Maryland Moves to Regulate Large Data Centers After PJM Shortfalls
Lawmakers and regulators prepared a suite of proposals to impose new oversight on large-scale data center development in Maryland, responding to rising electricity demand and recent capacity shortfalls at grid operator PJM. The measures under consideration could reshape how data centers connect to the grid, who pays for upgrades, and how Baltimore-area land use and energy planning balance jobs, tax revenue, and community impacts.

Lawmakers and state regulators moved in early January to craft new rules for very large data centers, citing concerns that rapid growth in computing facilities places heavy new demand on the electric grid. The policy push followed heightened attention to electricity capacity shortfalls in PJM, the regional grid operator, which state officials and energy stakeholders say underscored a need for clearer state oversight and stronger conditions on interconnection and grid reliability.

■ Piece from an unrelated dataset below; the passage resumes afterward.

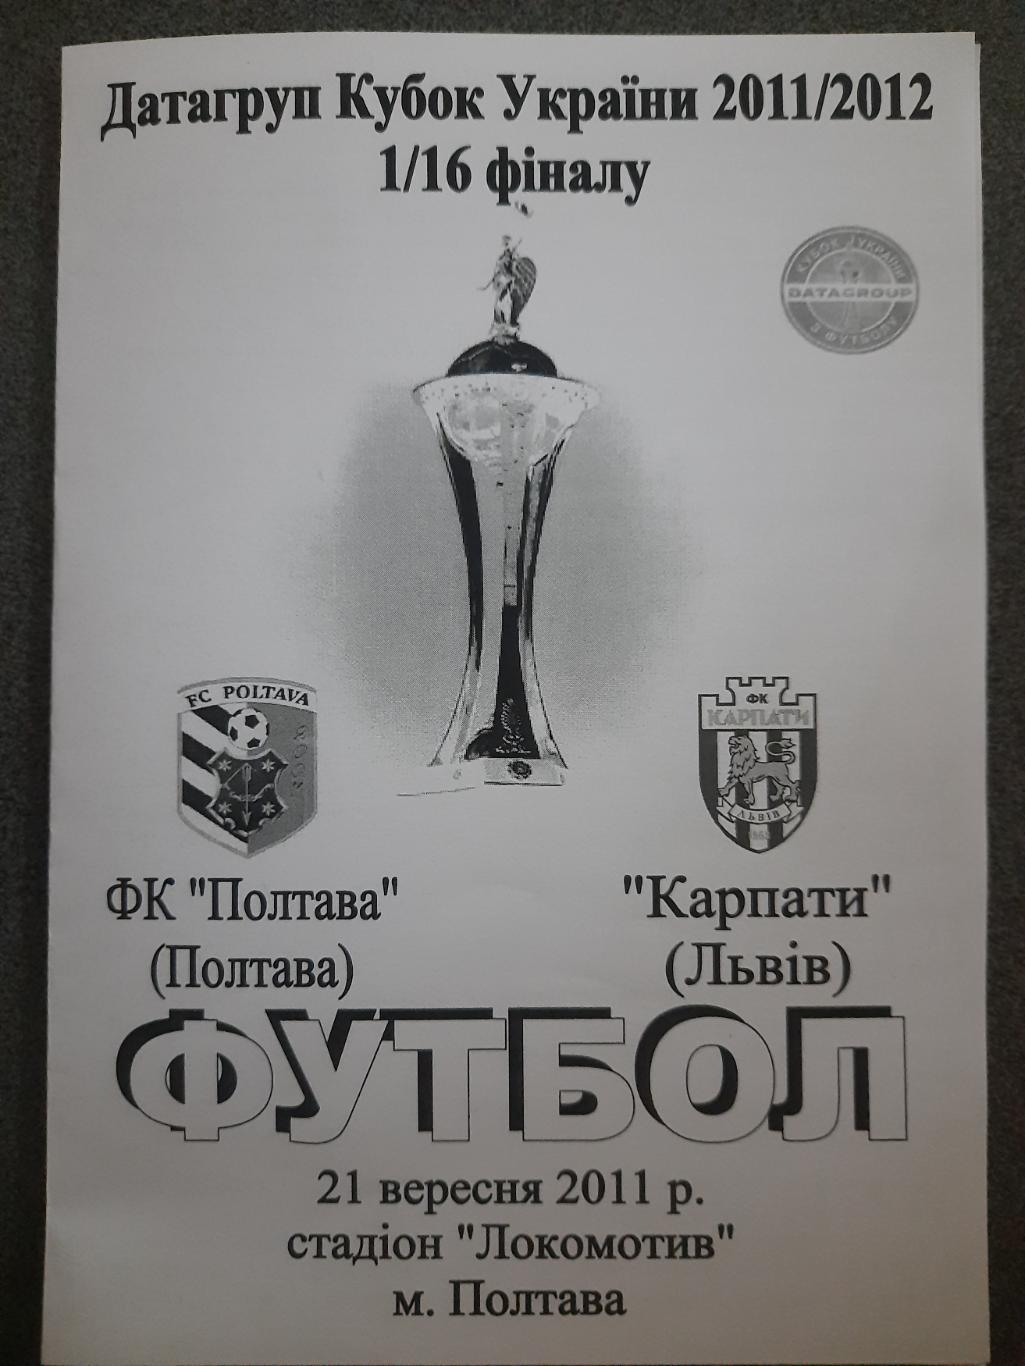 ФК Полтава-Карпаты Львов 21.09.2011,кубок.

Proposals under discussion included requiring state-level certificates or state review for very large data centers, implementing new rate schedules and interconnection requirements, measures to require or incentivize onsite generation or battery storage, and rules to curtail data center load during peak periods. Together, these options would give state institutions tools to condition approvals on investments in resilience and to limit unplanned strain on local distribution systems during high-demand events.
The policy choices carry direct implications for Baltimore City. Data center projects can bring construction jobs and property tax revenue, but they also create local concerns about air quality, noise, land use, and the allocation of infrastructure costs. If utilities pass interconnection and grid upgrade costs onto residential and small commercial ratepayers, the economic burden could shift away from high-demand commercial customers. Conversely, requirements for onsite generation or storage could mitigate peak demand impacts but raise development costs that affect project economics and local tax yields.
Institutionally, the debate will hinge on the balance between state-level planning and local land-use authority. State review or certificate requirements aim to create consistency across jurisdictions and address regional grid impacts, while cities and counties have traditionally managed zoning and permitting. How Maryland reconciles those authorities will determine whether Baltimore and surrounding jurisdictions retain discretion over siting and community protections.
Regulatory tools under consideration would also alter utility practice. New rate schedules could encourage off-peak operations or demand flexibility. Interconnection standards could require earlier coordination between developers and grid operators to ensure upgrades are planned and financed in a transparent way. Curtailment rules and incentives for onsite batteries would change operational assumptions for data centers and could improve reliability during stress events.
These proposals were framed as likely priorities for the 2026 General Assembly session. Residents and local officials should expect bill filings, committee hearings, and public comment opportunities in the coming months. Civic engagement will shape whether Maryland adopts strict statewide controls, leans on market-based incentives, or preserves greater local authority over siting and community protections. The final policy mix will determine how Baltimore balances economic development from data centers with energy reliability, environmental impacts, and fairness for ratepayers.